2004-04-21

The Past Marches On

Many years ago (about a decade…), when I was at the biotechnology company Allelix Biopharmaceuticals (acquired by NPS), I worked with Dr. Dan Drucker at Toronto General Hospital (TGH; now part of The Toronto Hospital) to develop derivatives of the hormone GLP-2. Dan had discovered that GLP-2 has a powerful effect in stimulating the development of intestinal epithelium cells, i.e. the lining of the gut. I remember being there when he ‘opened up’ some experimental mice – you didn’t even need to take a measurement to see the marked difference in the bowels of the experimental mice versus the controls as the differences were so significant.

Dan had indications from earlier experiments that one of the glucagon family of hormones had this effect, and he had tried various elegant engineering experiments to determine which one. As the Allelix research director I had sponsored a collaboration with Dan and provided him with synthetic samples of these hormones. Near the end of the collaborative period, with little success, Dan decided to take the simple, direct approach – he simply gave series of injections to mice with each of the hormones – which is when GLP-2 ‘jumped’ out.

That period was one of the most exciting in my professional career. Dan had new results almost every day that he e-mailed to me and I kept designing and sending him new samples to test. I’d e-mail him at 1:00am and he’d respond at 1:30am! We were having fun and were driven. In drug development you want to find a new approach to treating disease. Here we had a powerful effect by a natural hormone. We wanted to know if there was any disease that we could effectively treat and if we could make a more effective version of the hormone.

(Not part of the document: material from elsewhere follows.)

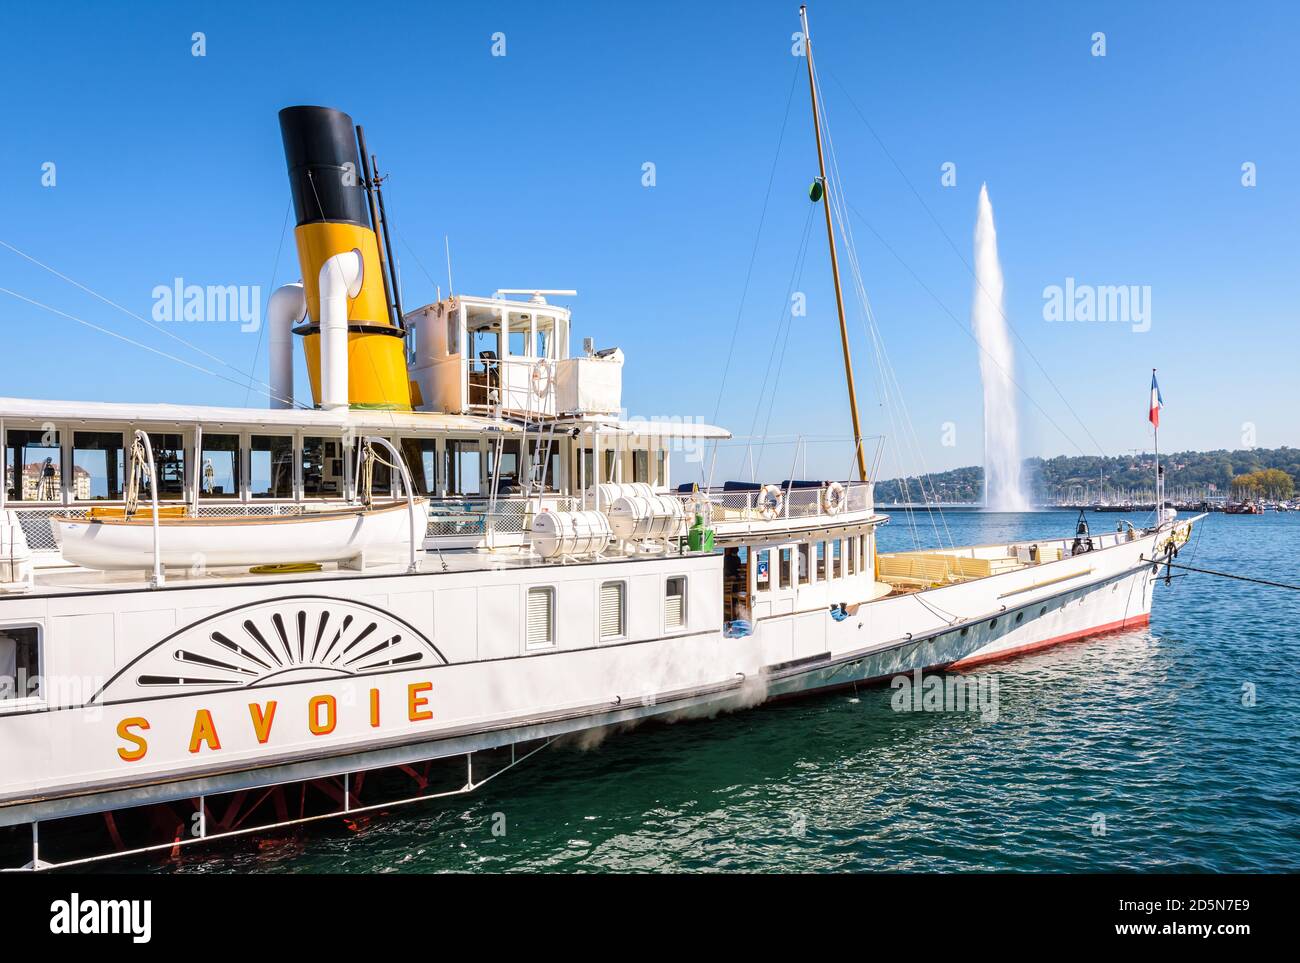 Le bateau à aubes « Lavoie », classé monument historique, est amarré dans la baie de Genève, avec la fontaine jet d'eau Jet d'eau au loin. Banque D'Images

I made literally dozens of derivatives of GLP-2 and passed them on to Dan. Experiments looked at the minimal size of the hormone and the critical regions. We were also very interested in improving the activity of the hormone. That family of hormones are quickly inactivated by an enzyme (DPP-IV) that chops-off one end. By testing different ends we were able to make versions of GLP-2 that resisted that degradation and were therefore several times more potent, i.e. you could get the same effect with less hormone. Besides improving the economics of the drug it gave Allelix a proprietary product – a key requirement in commercial drug development. Of the dozen of so patent applications in my name that were made over the years, the only issued patent that I bothered to frame and hang on my office wall was one for those derivatives of GLP-2.

There are lots of diseases involving the intestinal lining. But the most obvious one to look at was Small Bowel Syndrome (SBS) – a condition where patients have had to have large portion of their intestines surgically removed and must be maintained on intravenous feeding, often for the balance of their lives, which may be significantly shortened.

Why these reminiscences? While NPS has been testing one of my derivatives (ALX-0600), which they subsequently called Teduglutide, over many years, they just announced that they have initiated pivotal Phase 3 clinical studies on patients with SBS. If these studies are successful they will be a giant step closer to getting approval for the drug and being able to make a meaningful difference in peoples’ lives.

It’s been years since I worked on the project, and literally dozens of other people have contributed, but it’s still something I recall fondly and am especially proud of.